WHAT TO DO:
What's needed is an exact copy of all the data below, without pictures.
___ DATA EXCERPT
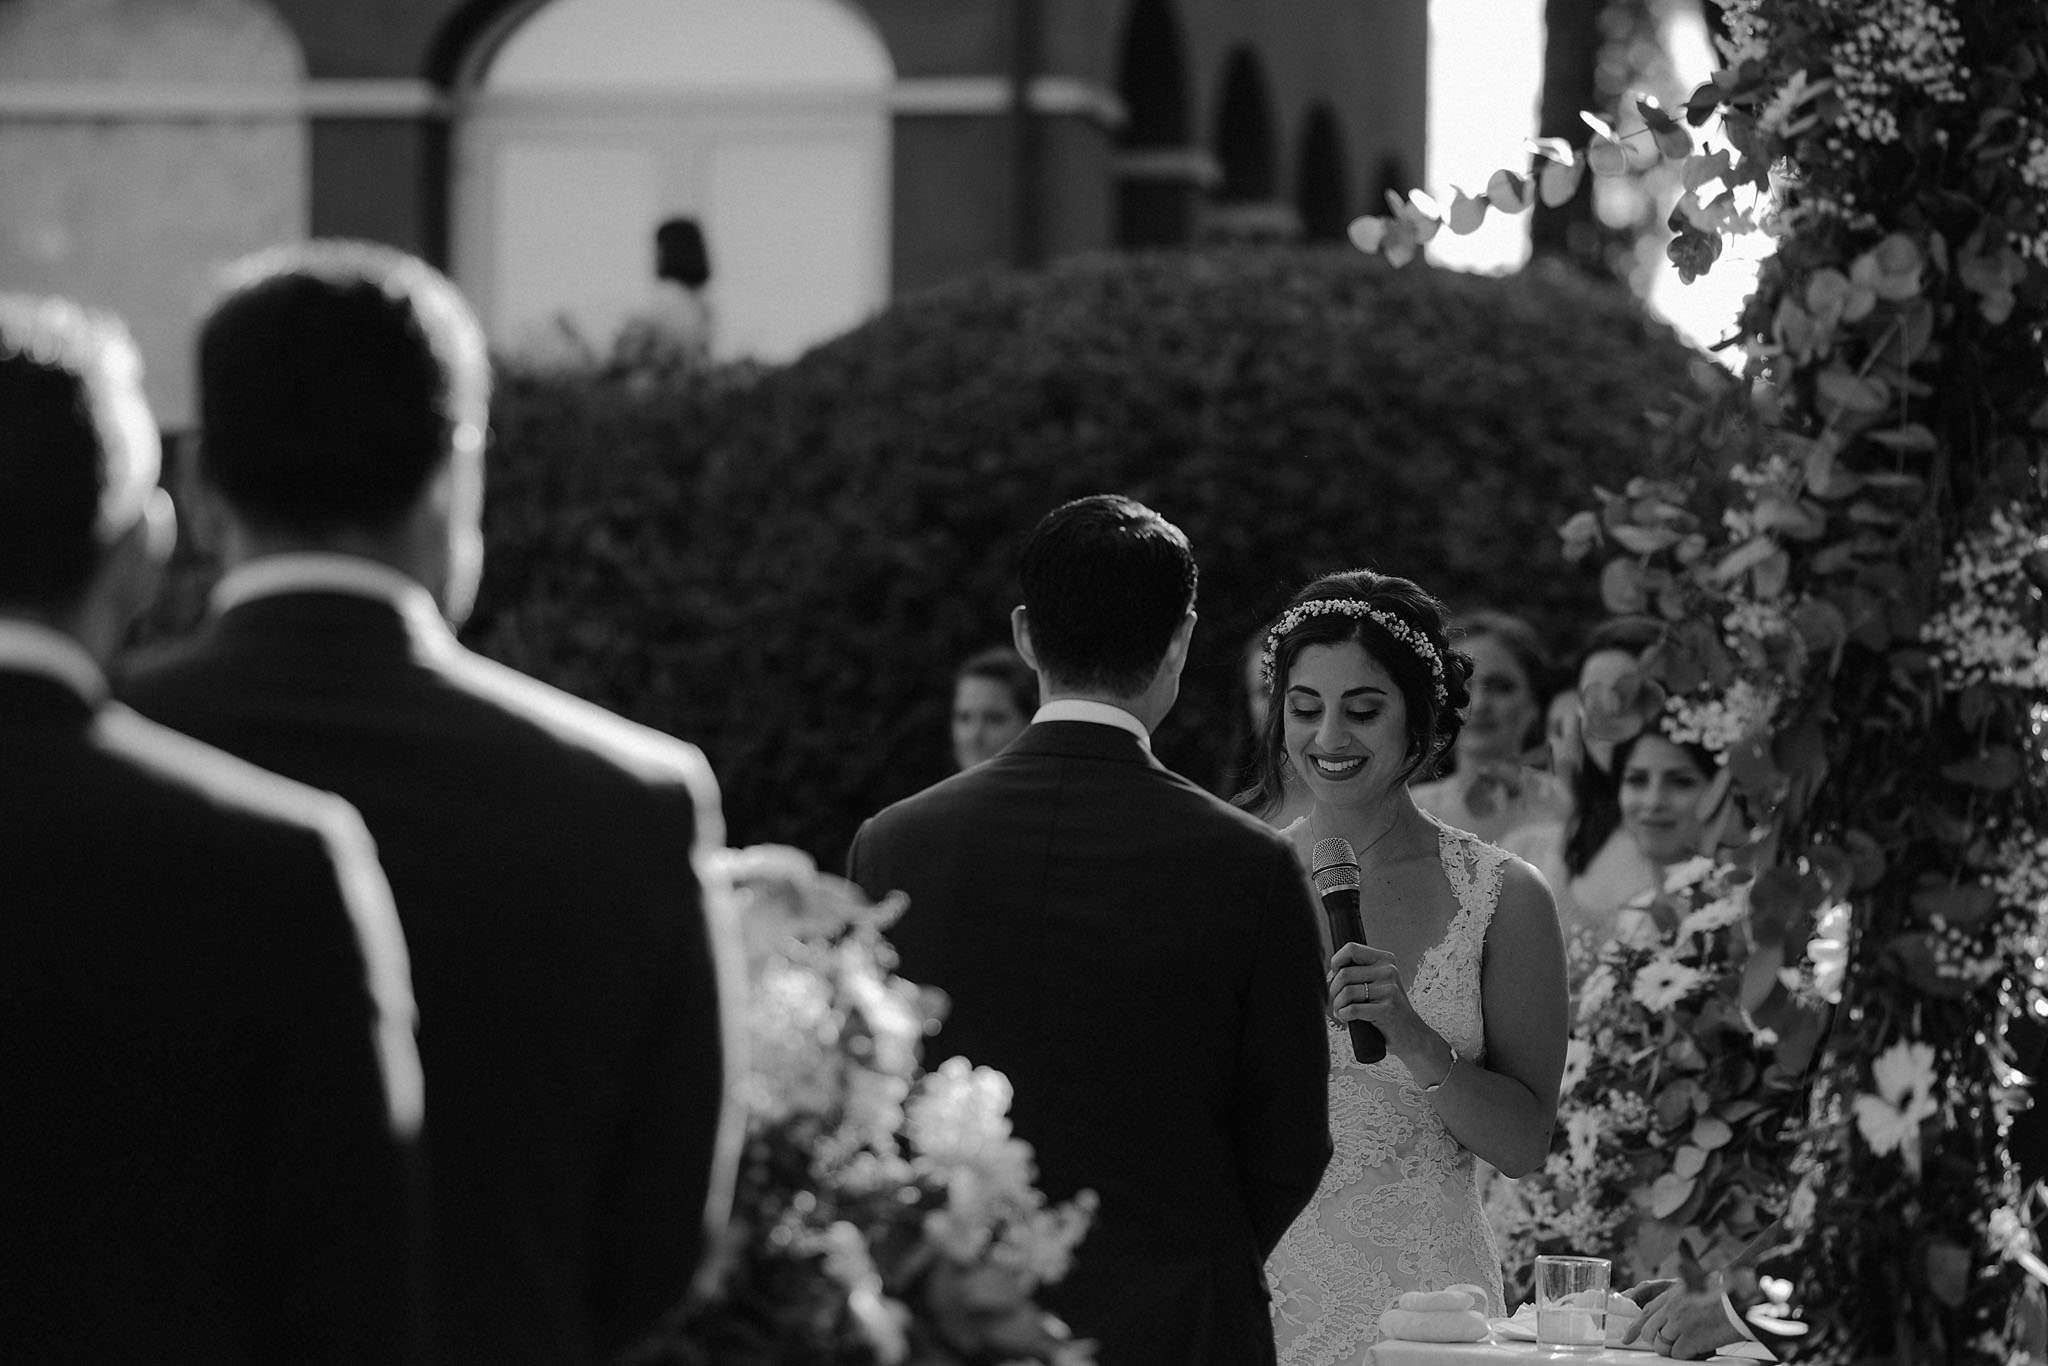 Max-Steph-Italy-Wedding-422.jpg
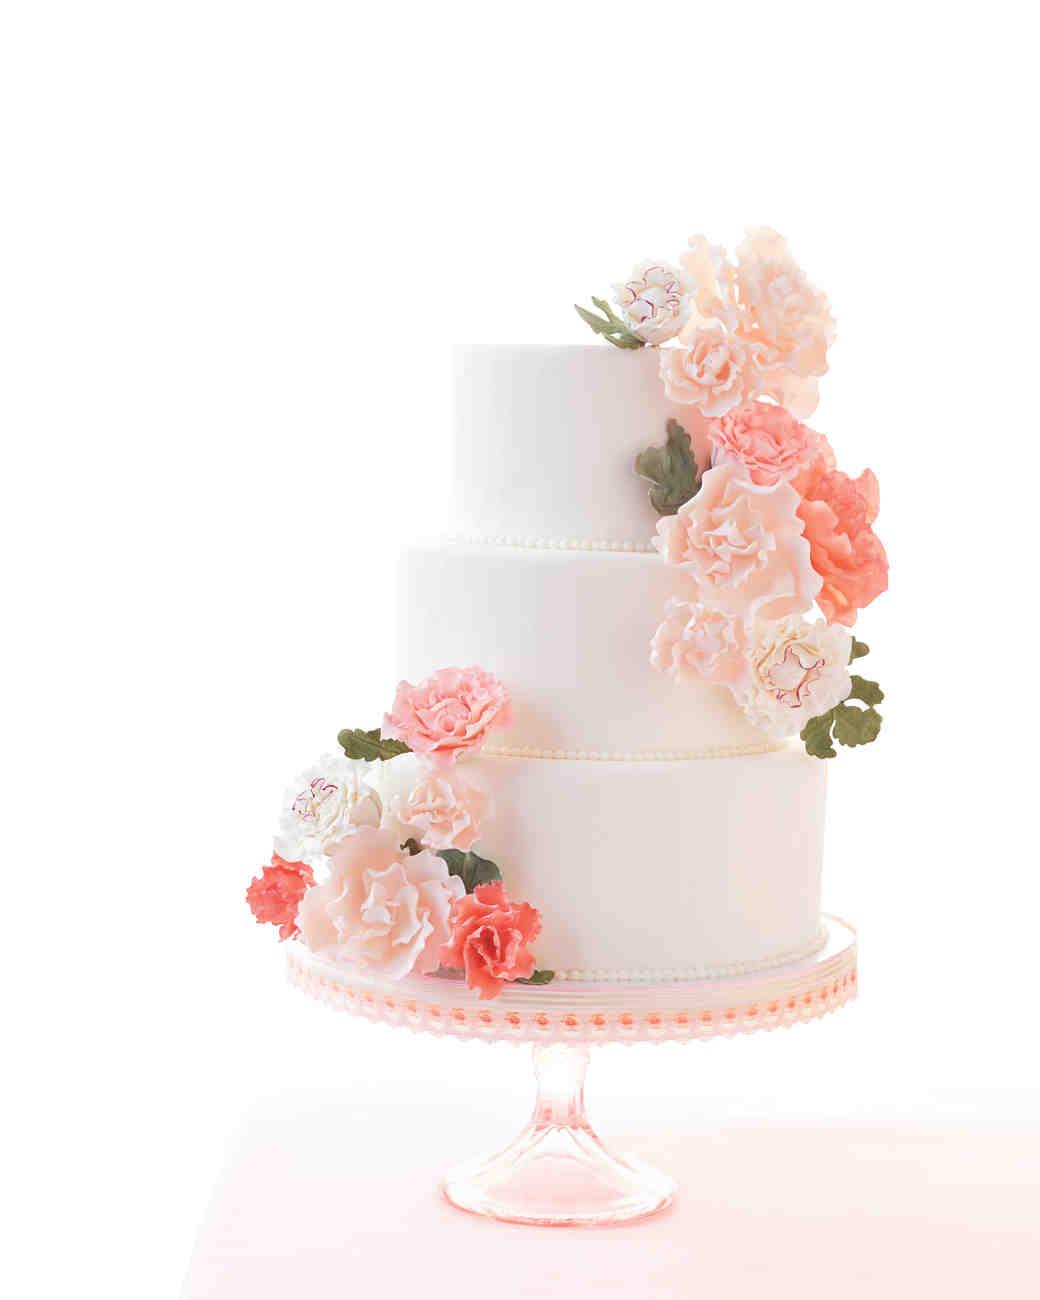 cake-155-comp-mwd110687.jpg
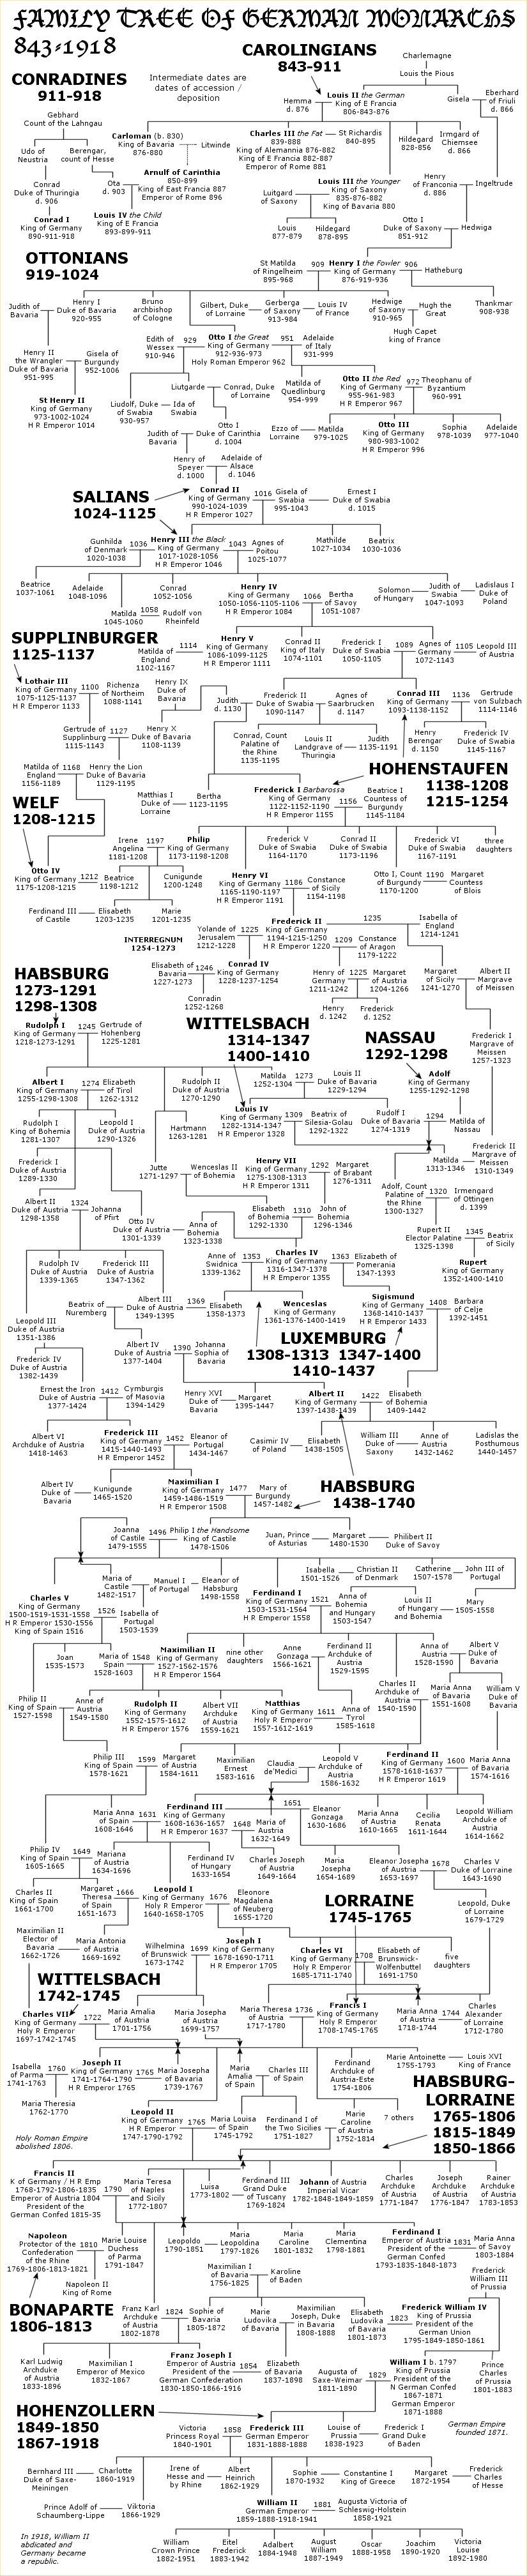 German monarchs family tree
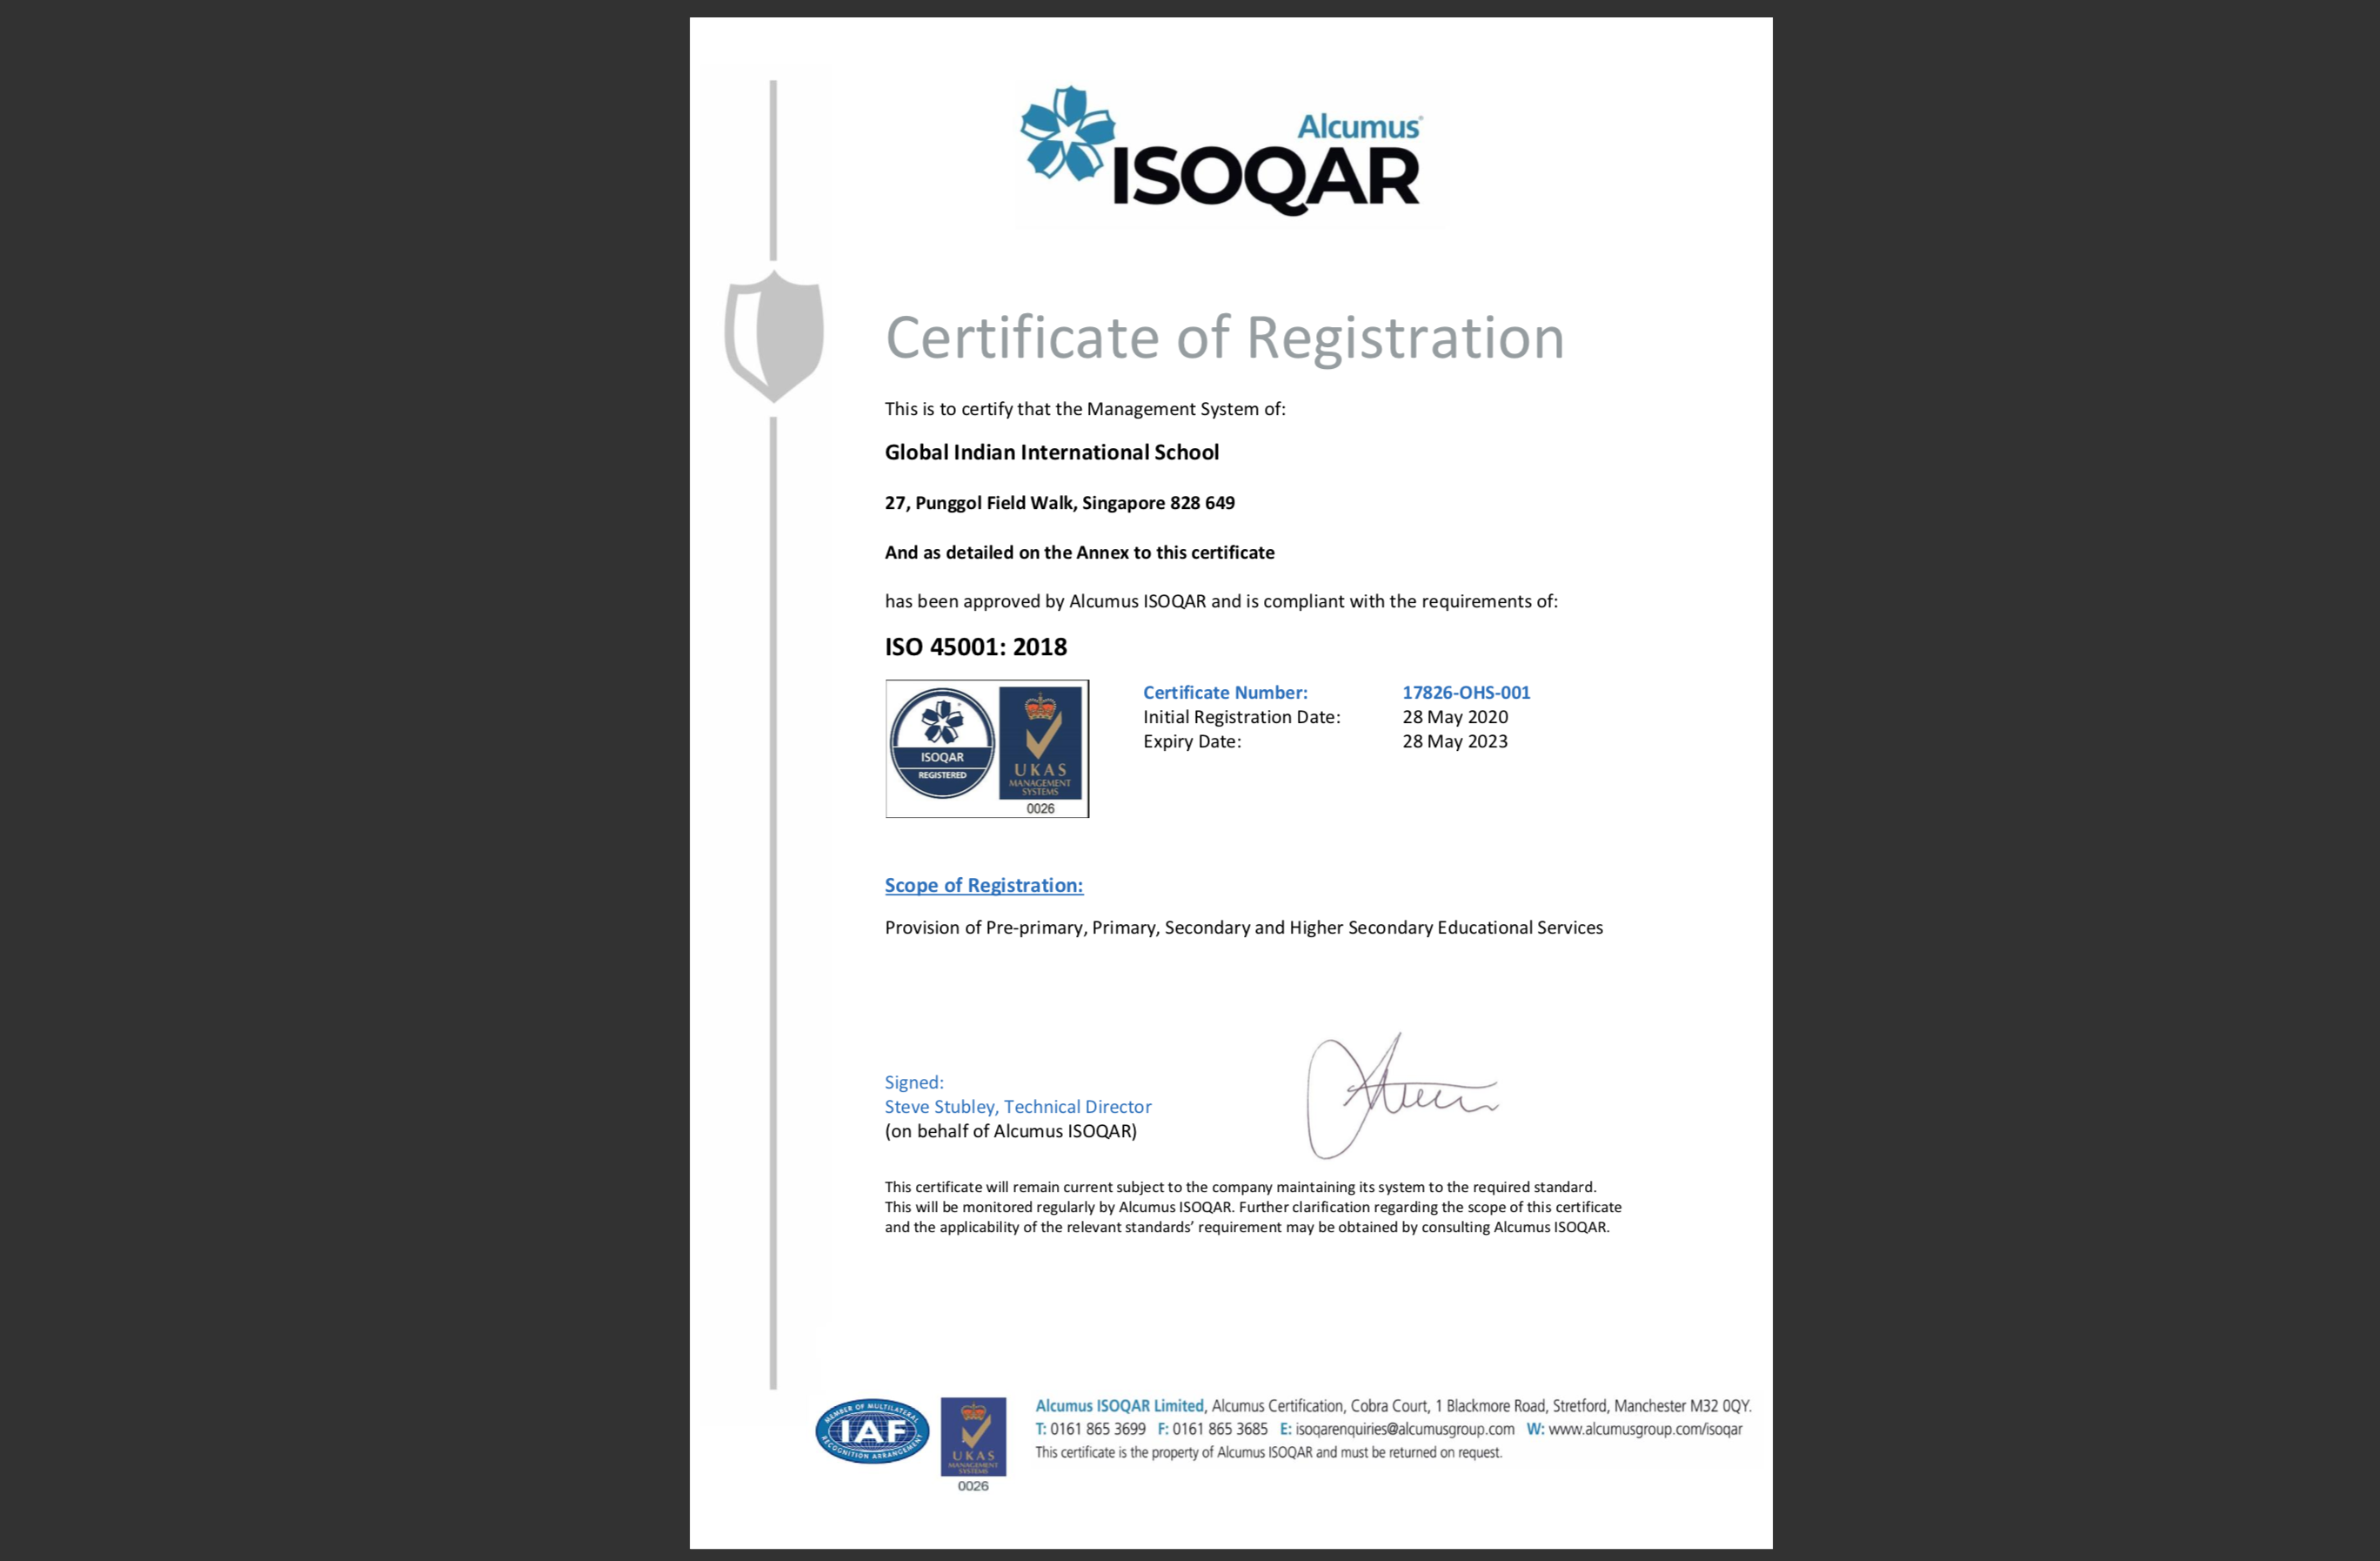 GIIS_ISO Certification
______
ANSWER AREA:
 Max-Steph-Italy-Wedding-422.jpg
 cake-155-comp-mwd110687.jpg
 German monarchs family tree
 GIIS_ISO Certification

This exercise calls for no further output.